Ten Easy Ways To Improve Your Photography

11th May 2013
As I begin to look towards the next few months of photography I think it's always useful to look back at some basic pointers that have helped me over the years to Improve and capture the images I have been looking for. It is very easy to get stuck in a rut and the hobby you love can seem more like a chore. Here are my top ten pointers to keep your images fresh and your photography moving forward.

    Practice- It may seem obvious but getting out with your camera once a month is not going to cut it. If you can keep your kit close at hand so that you can even slip away in a half hour lunch to capture some images.

    Right Time- This is particularly important with wildlife, flora and landscape photography. Want to photograph Sand Martins, perhaps best done in the spring or summer months. This is an obvious example but some things can be a lot more subtle and the window of opportunity may be small. You may have a great idea for a landscape shot that has the sun rising behind a particular tree, although the sun rises in the east it varies its position wildly over the months.

    Right Place- You may have a strong desire to photograph a particular bird or animal. Research it, find out where it is common to give yourself the best chance of capturing it. For an example, twelve years ago I was obsessed with capturing images of common buzzard. Fine, a common bird, however twelve years ago they where very scarce in east Nottinghamshire. Had I travelled to the west I could have saved myself a lot of time and effort.

    Know Your Equipment - Todays digital SLR is a very complex piece of kit. Most of us are guilty of only using a small percentage of its capability. Do your practice and testing at home with a cuppa. Theres nothing worse than being presented with the shot of your life only to be frantically searching through menus to get the right setting and looking up to find the moment is gone.

    Have The Right Equipment - I can really relate to this one. Have you ever had to drill a hole in a wall to fit some shelves? Your drill bit needs to be 6mm but you don't have one so you use a 4mm and wiggle it around a bit to make the hole big enough. The raw plug only goes three quarters of the way in because the hole is to narrow at the bottom so you force it in and perhaps snip the top of the plug off with pliers. You follow this procedure with all six holes and after a couple of hours toil you fit the shelves feeling very pleased with yourself. Two weeks later someone puts a book on the shelf weighing slightly more than a well thumbed Barbara Cartland and the shelves fall off the wall bringing half the plaster with them. And the moral of the story, get the right equipment for the job you are doing and you will complete it in half the time and to your long term satisfaction. I think you get the point.

    Post Processing- Mmmm I'm guilty of this one. Some of us love to be outside taking the pictures and hate to sit at the computer processing them. You have to learn to love it or at least tolerate it. Many SLRs produce there images in RAW format. This is an apt description. The images information is all there but it needs polishing to be fully appreciated, unfortunately for us the type of polish differs greatly depending on how your images is to be presented. In programs like photoshop the settings used to prepare an image for website presentation are very different from those used to produce an A3 print. Experiment and get a standard set of procedures for each medium and then tweak them from there for the best results. Believe me it will/ save you time in the long run.

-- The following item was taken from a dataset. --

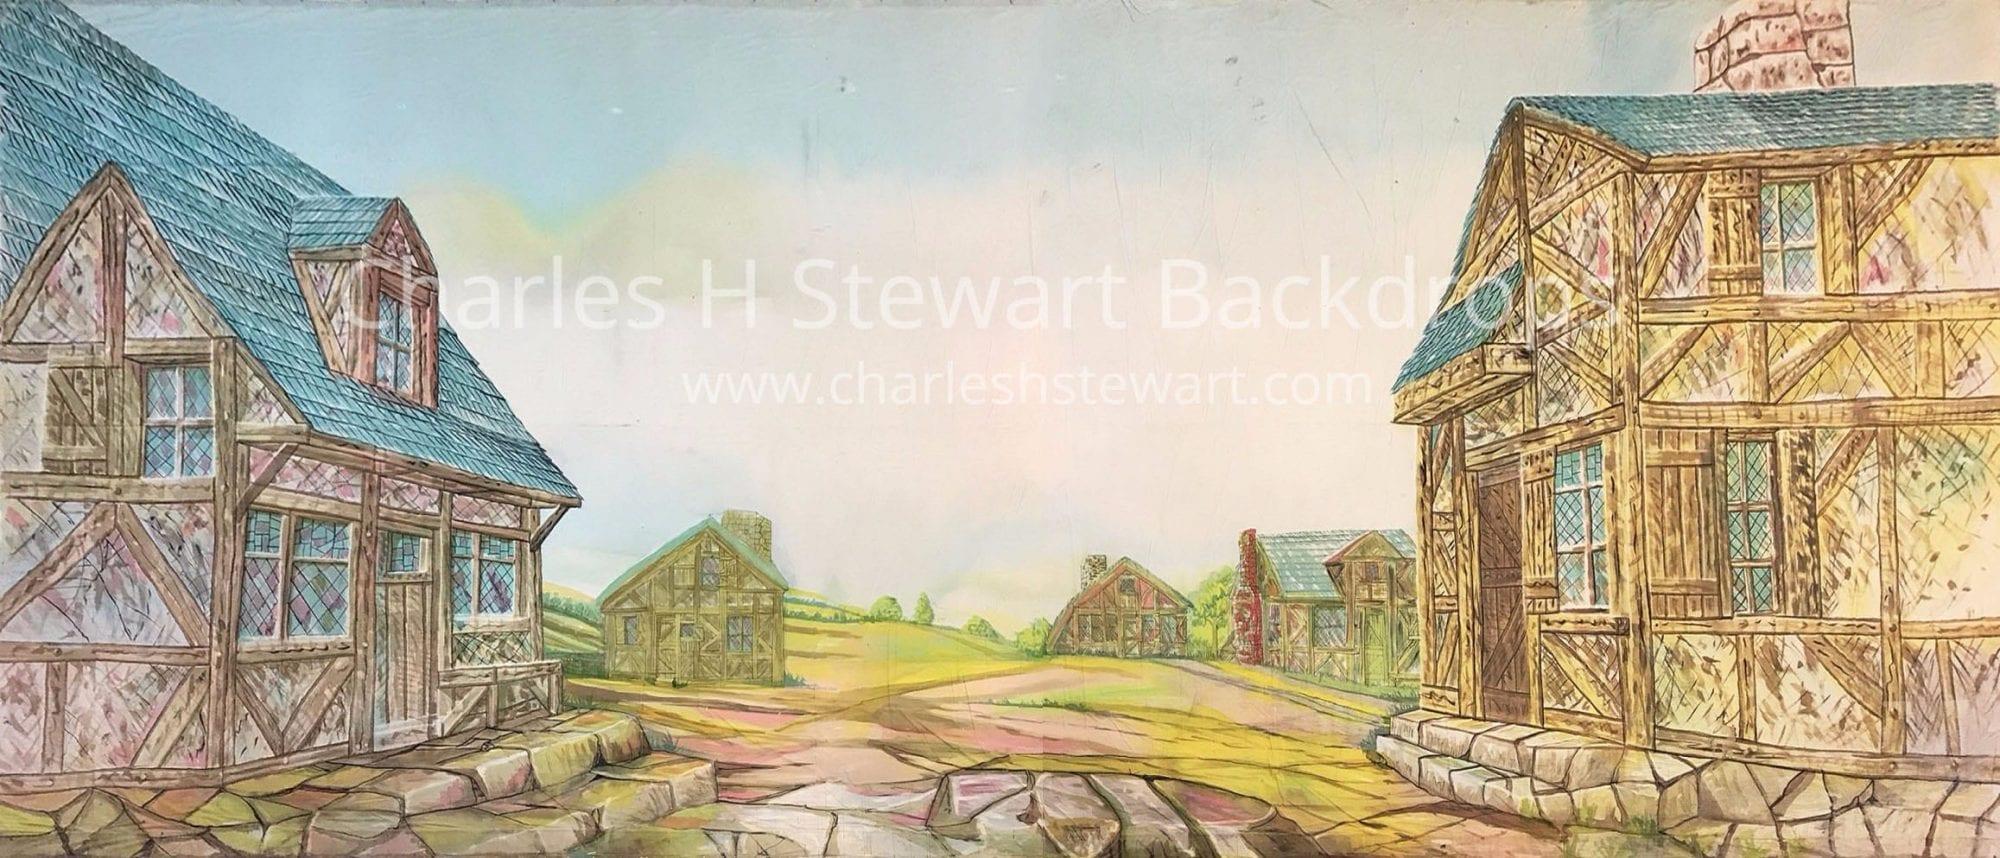 Old Village Street Backdrop Backdrops By Charles H Stewart
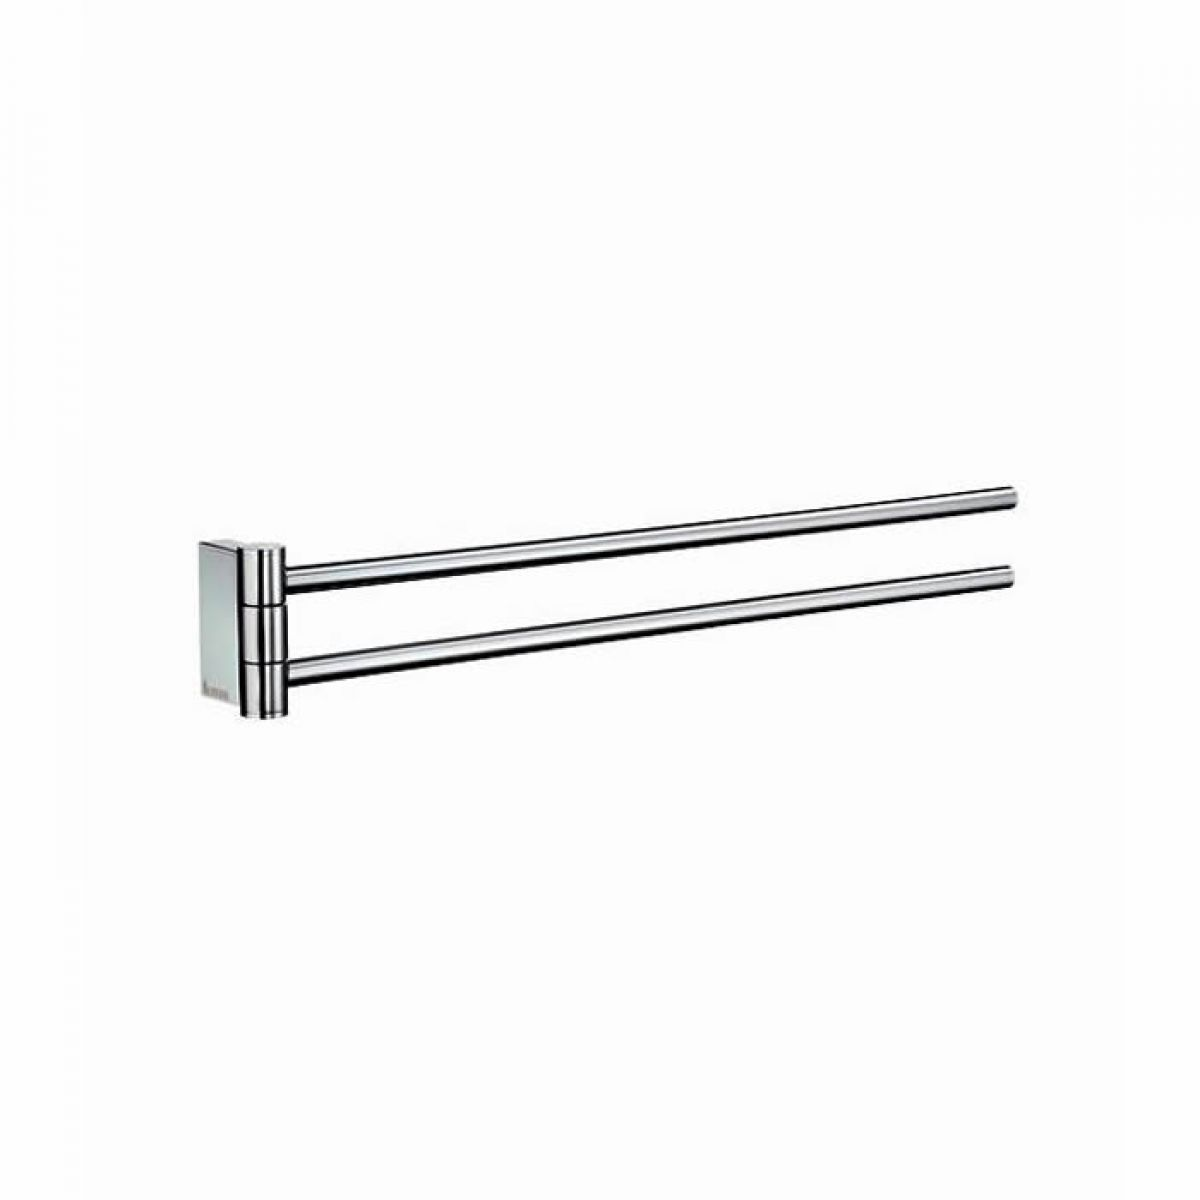 Smedbo air swing arm towel rail ak326 uk bathrooms - Bathroom accessories towel rail ...

    Look After Your Kit - Its very tempting throw your kit back in the corner of the room when you have been out imaging all day. The problem with this is that if you don't maintain some order I can guarantee the next time you are out you either can't find that vital component when you need it or you'll spend hours removing dust spots from/your award winning image in photoshop.

    Give Yourself A Project- It happens to us all at some point, you find you are going out to the same places and imaging the same things. Be bold, set yourself a project, something you've never captured before, in a new place. Now all/ of a sudden your excited again, you've got to research it, you've got the ups and downs of success and failure. I can thoroughly recommend it.

    Set Up Your Own Website- Proud of your images? Think they're great, well maybe others will too. One of the problems with digital photography is that many of us go out take pictures and then hide them away on a hard drive on our computers. I would urge you all to set up a basic website and immediately your images are available to a world audience.

    Join Photography Forums- Yes, there are others out there. other people who love to get up at the crack of dawn and stand in a misty field waiting for that mystical and magical light. There are many forums out there with photographers of all levels posting there images, and not only posting images but asking for advice and giving it. In my experience photographers are a very generous bunch and love helping people out with constructive criticism, don't forget we've all been there before. Google it and drop in to take a look at the images that are being posted and the level of advice being given. Find one you like, join and post an image. There are a couple listed in my links to get you started.

    Finally The Most Important Eleventh- Remember the others in your life. I would imagine that dragging the wife and kids out to stand in a field at four in the morning sounds like bliss to you. However, I can guarantee that when you said you where going to take the wife and kids out at the weekend this wasn't what she had in mind. As a rule if I'm out at one day of the weekend the other is reserved for family time. Although I have been accused of having the best weather for when I'm out with the camera. Believe me a little Karma at home will improve your photography.

    Thanks for taking the time to read this, if anyone has any additions please let me know and i will add them to the list. I'm always keen to learn.